A 74-year-old female is referred to cardiology prior to multi-agent chemotherapy for breast cancer (resected, with lymph involvement). Doxorubicin is one of the agents. Her baseline LVEF is 45%, but she is asymptomatic. Is the doxorubicin absolutely contraindicated or can it be used based on risk-vs-benefit? Which cardioprotective strategies are used for patients undergoing anthracycline chemotherapy?
HEALTHCASTS COMMUNITY RESPONSE
Total respondents: 60
Case assessed: January 2020
Doxorubicin is an anthracycline chemotherapy drug. It is used to decrease and/or stop the growth of cancerous cells by blocking topo isomerase 2. Use of doxorubicin can result in myocardial damage as cumulative doses of doxorubicin >350 mg/m2 can be harmful to the heart. On average the left ventricular ejection fraction (LVEF) should be between 50% and 70%. The patient’s baseline LVEF of 45% is considered low, which increases the risk of heart failure.
CONTRAINDICATED OR RISK-VS-BENEFIT?
The majority of Healthcasts community respondents (77%) agreed that the use of doxorubicin for this patient is not contraindicated. 20% of respondents who did not specify if doxorubicin was contraindicated advised against using it in this case, suggesting alternative treatment options.
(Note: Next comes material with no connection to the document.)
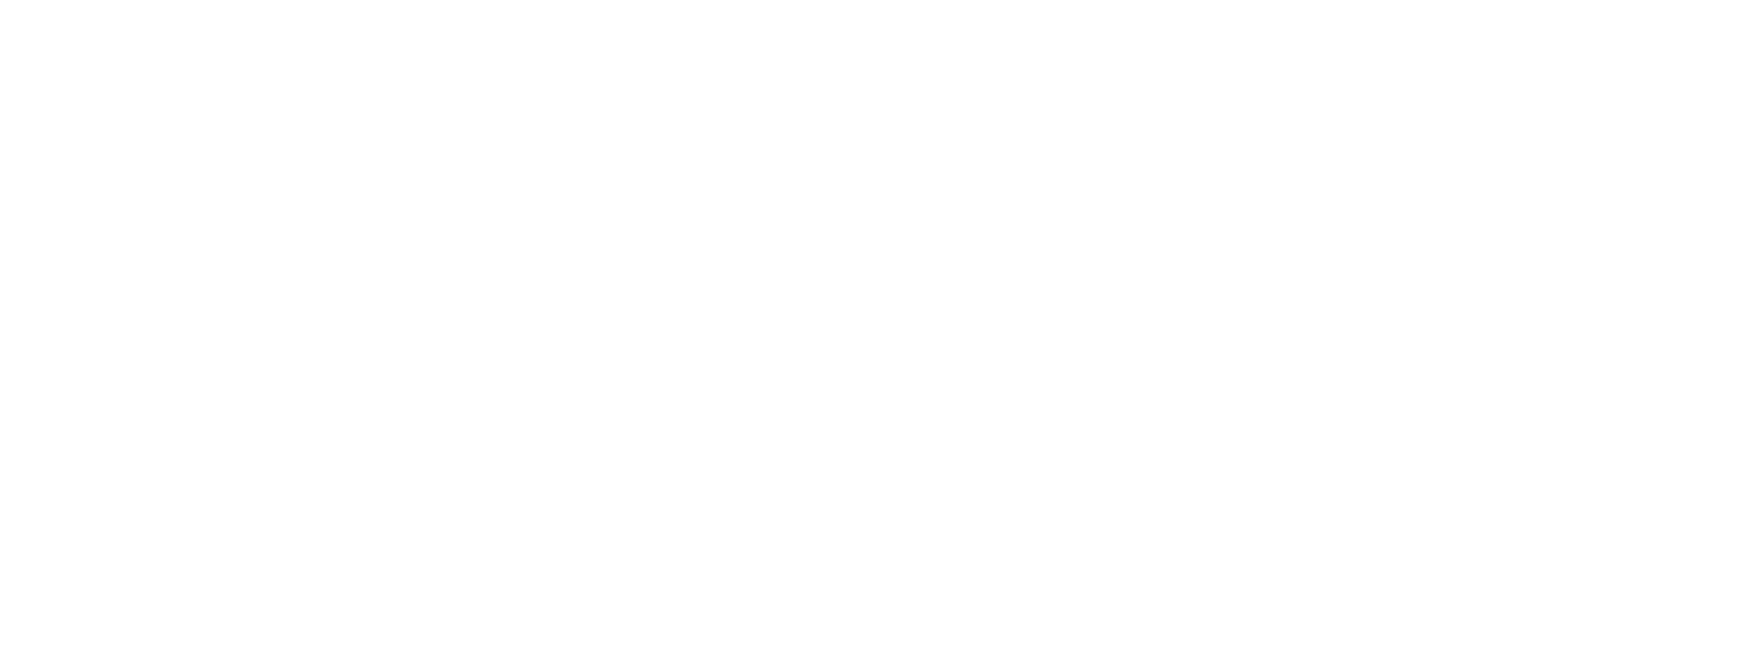 PowerON Logo

Less than 2% of respondents felt doxorubicin is absolutely contraindicated in this scenario.
There are three distinct types of doxorubicin-induced cardiotoxicity (acute, chronic, and late-onset). Although most respondents agreed that prescribing doxorubicin is not contraindicated for this patient, they advised that different cardioprotective therapy agents be administered prophylactically in conjunction with the doxorubicin to prevent cardiotoxicity.
Angiotensin-converting enzyme (ACE) inhibitors, angiotensin II receptor blockers (ARBs), beta blockers, diuretics and chemo protection drugs were all suggested.